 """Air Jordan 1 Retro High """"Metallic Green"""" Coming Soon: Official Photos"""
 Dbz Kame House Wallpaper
---
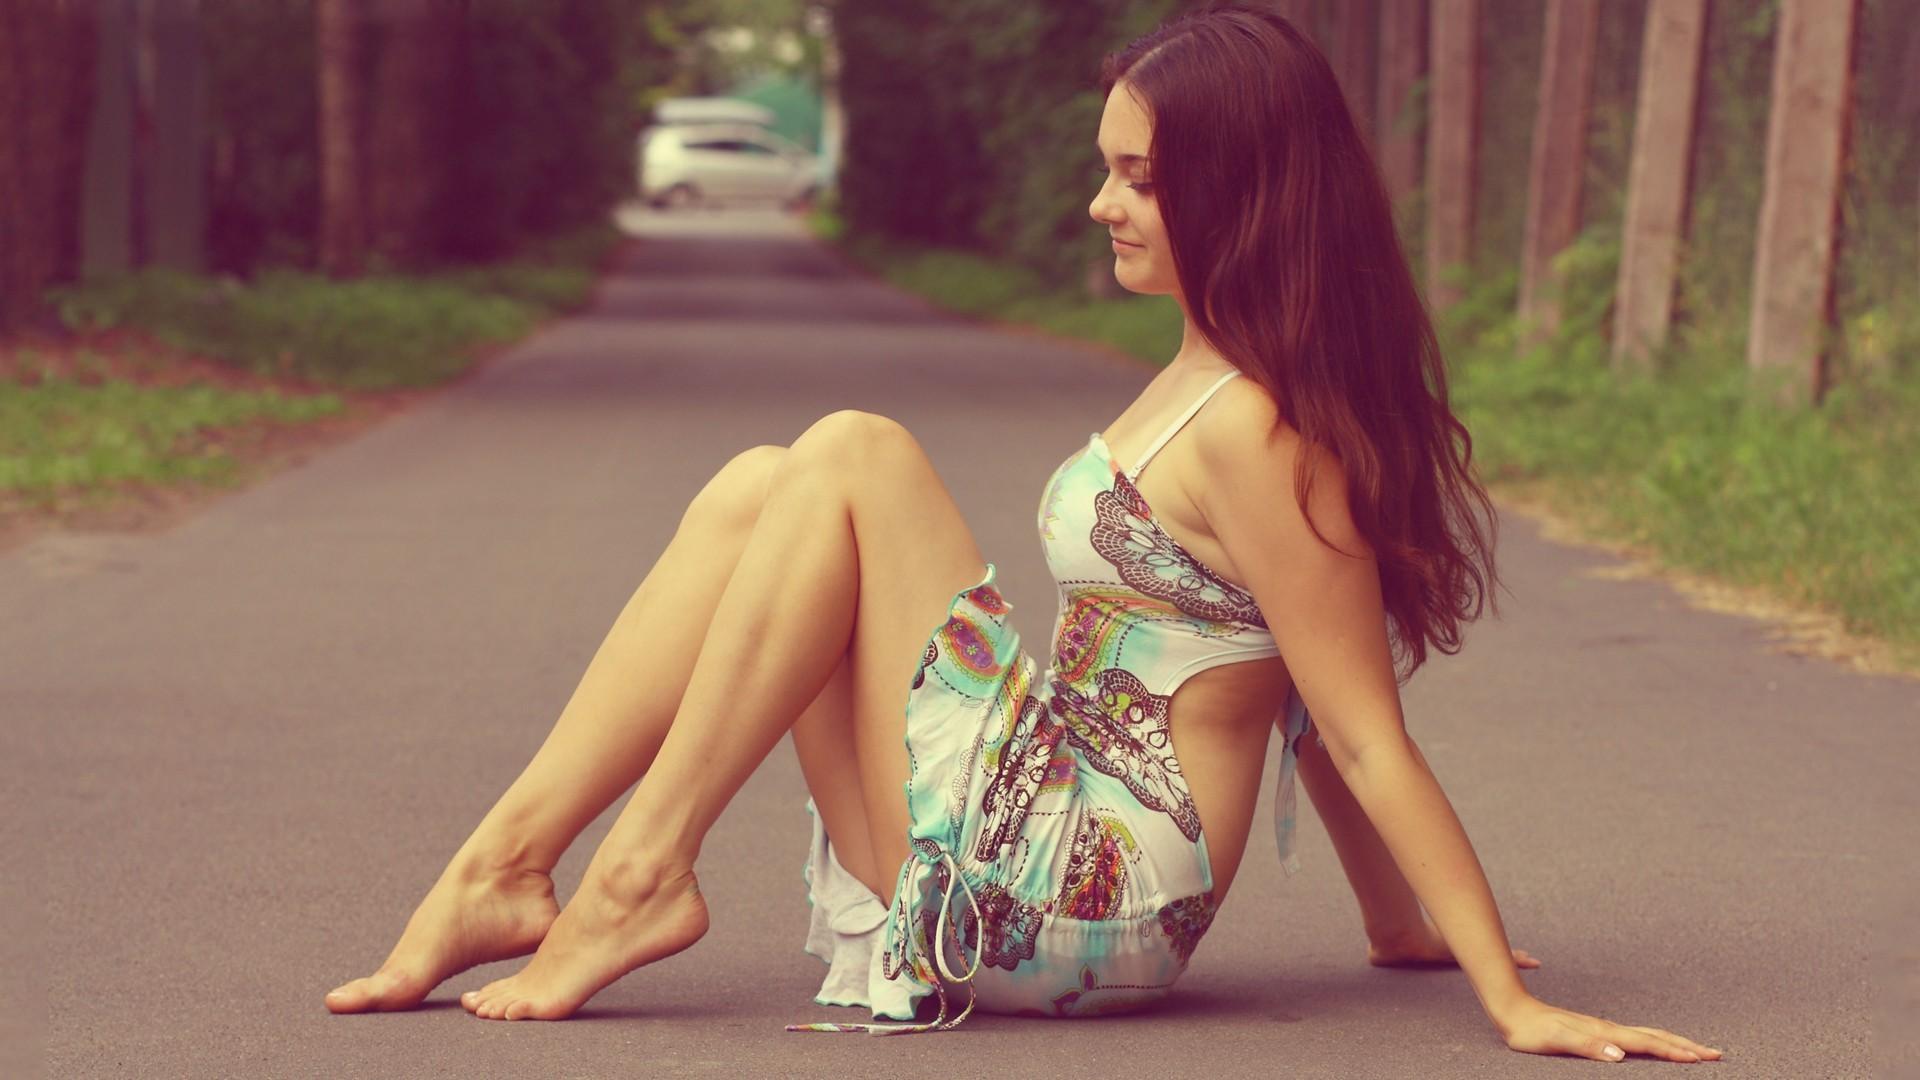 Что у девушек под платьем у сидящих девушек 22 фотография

» **INSTRUCTIONS TO FOLLOW**
Taking the entries above, write out exactly each line from the one holding "Jordan 1 Retro" to the one holding "Dbz Kame House Wallpaper", both included, and stop there.

» **SOLVED PROBLEM**
 """Air Jordan 1 Retro High """"Metallic Green"""" Coming Soon: Official Photos"""
 Dbz Kame House Wallpaper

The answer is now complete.